Avant d’être exposés et célébrés dans les musées, les héritages culturels et artistiques sont nécessairement soumis à un processus de sélection et d’authentification. À l’enjeu de l’estimation de l’authenticité d’un objet, qu’il soit objet physique ou objet d’étude, se mêle une négociation sur la valeur qu’il possède. Dans son ouvrage Sincerity and Authenticity, Lionel Trilling souligne cette dimension de l’authenticité en la situant justement dans le lieu symbolique du musée, lieu de mémoire où le lien au passé et à l’héritage peut être décisif pour définir le prix et la valeur accordée aux œuvres et artefacts exposés. La question de l’authenticité se pose autant pour les objets archéologiques que pour les œuvres d’art : la copie et le plagiat dépossèdent les objets de leur valeur, même si ceux-ci ressemblent en tout point aux originaux. La valeur ne dépend alors plus de considérations esthétiques, l’objet est désacralisé par l’impossibilité de le rattacher à un héritage, qu’il soit littéraire, artistique ou culturel. Les questions de muséographie occupent donc une place centrale dans l’articulation des deux concepts étudiés : comment les musées façonnent-ils un héritage artistique ou culturel qu’ils veulent le plus authentique possible ? Comment exposer un héritage culturel sans le trahir ou le transformer ?
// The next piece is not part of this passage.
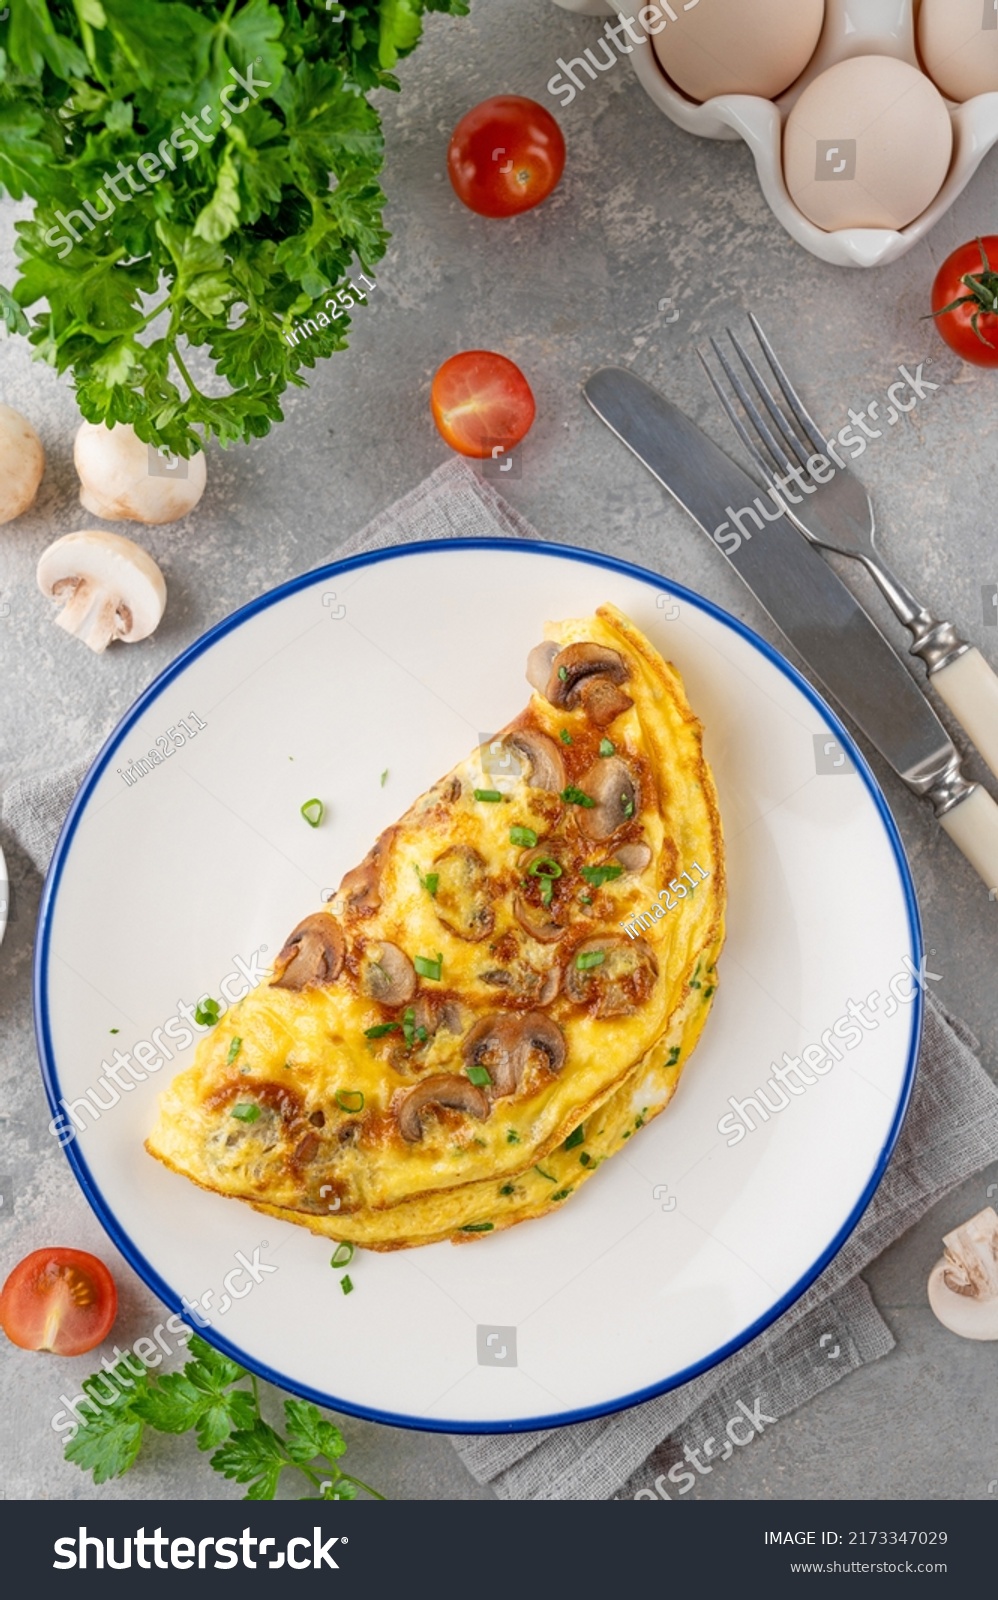 Omelet with fried mushrooms and fresh herbs in a plate on a concrete background. Delicious healthy breakfast. Top view. Copy space #2173347029
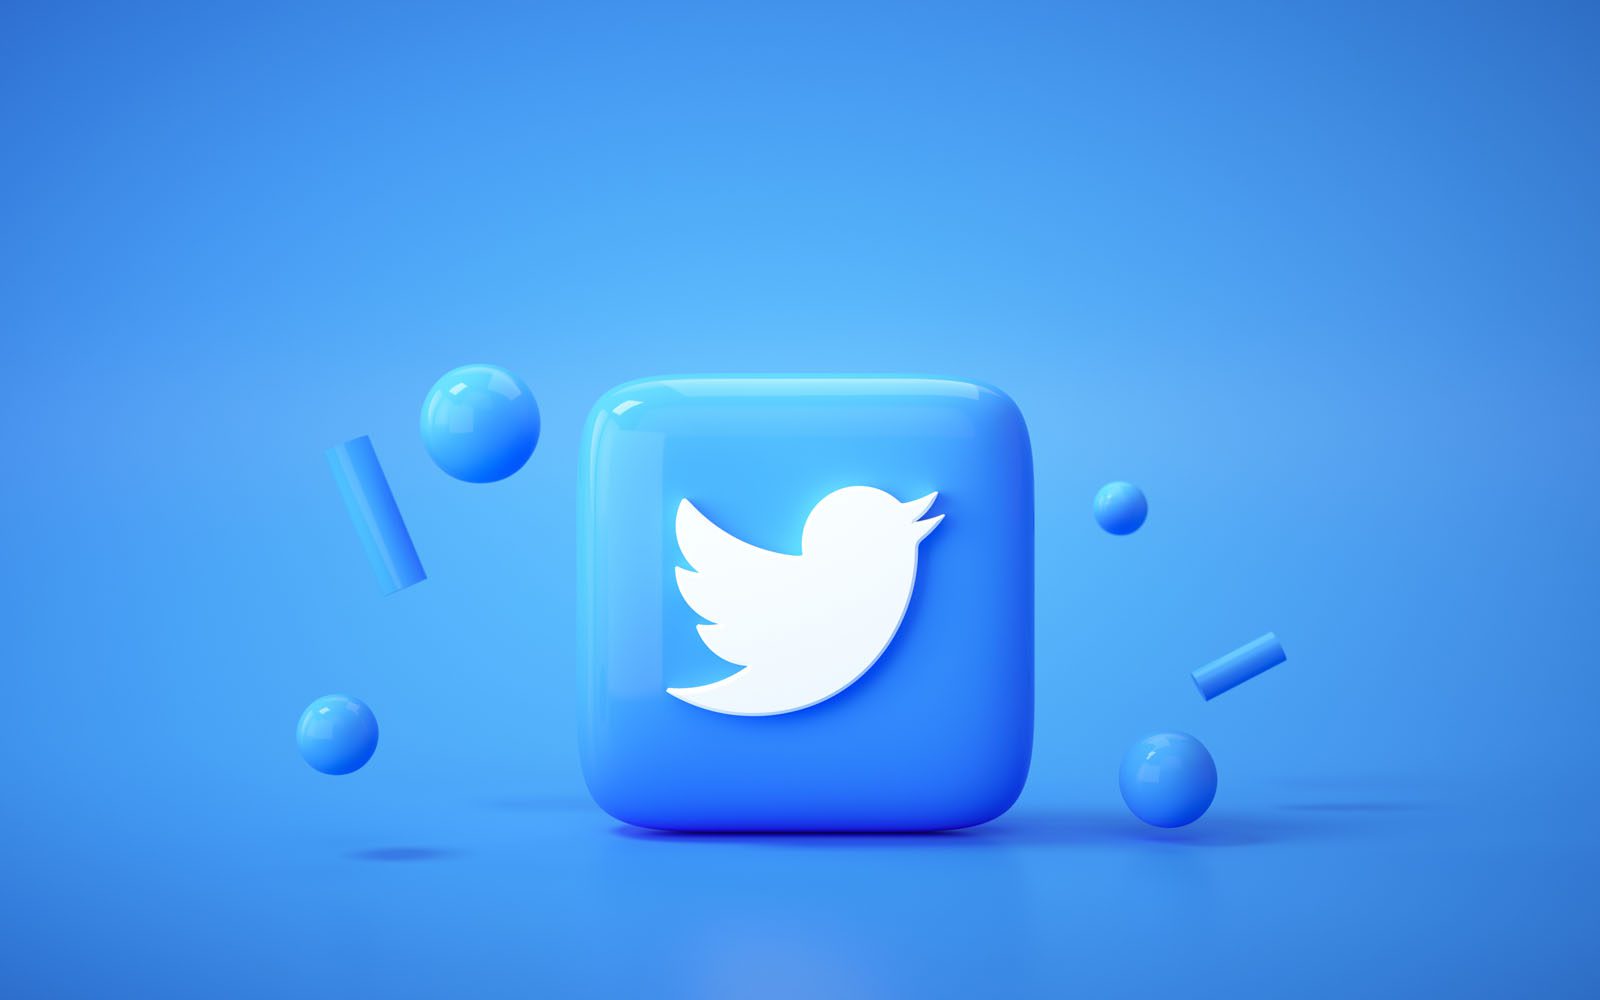 Twitter Study Part 2 – Continuing the Conversation

Entretenir un héritage et une identité collective, notamment dans des lieux de mémoire, peut être une nécessité pour certaines communautés, particulièrement pour des groupes marginalisés. La transmission d’un héritage jugé authentique – qui recouvre des pratiques culturelles, religieuses et linguistiques – revêt alors une dimension profondément politique. Lorsque l’héritage de certaines cultures ne peut être transmis, les conséquences peuvent se révéler désastreuses pour les populations concernées. Puisque c’est en perpétuant des pratiques jugées authentiques qu’on peut asseoir son appartenance à un groupe culturel, certaines populations cherchent à renouer avec des traditions parfois longtemps oubliées, dans un geste d’affirmation identitaire. Transmettre un héritage authentique soulève alors des questions éthiques et pratiques : à qui revient la responsabilité de transmettre un patrimoine culturel ? De manière écrite ou orale ? Existe-t-il un devoir de transmission ? Qui peut recevoir ou se réclamer de tel ou tel héritage ?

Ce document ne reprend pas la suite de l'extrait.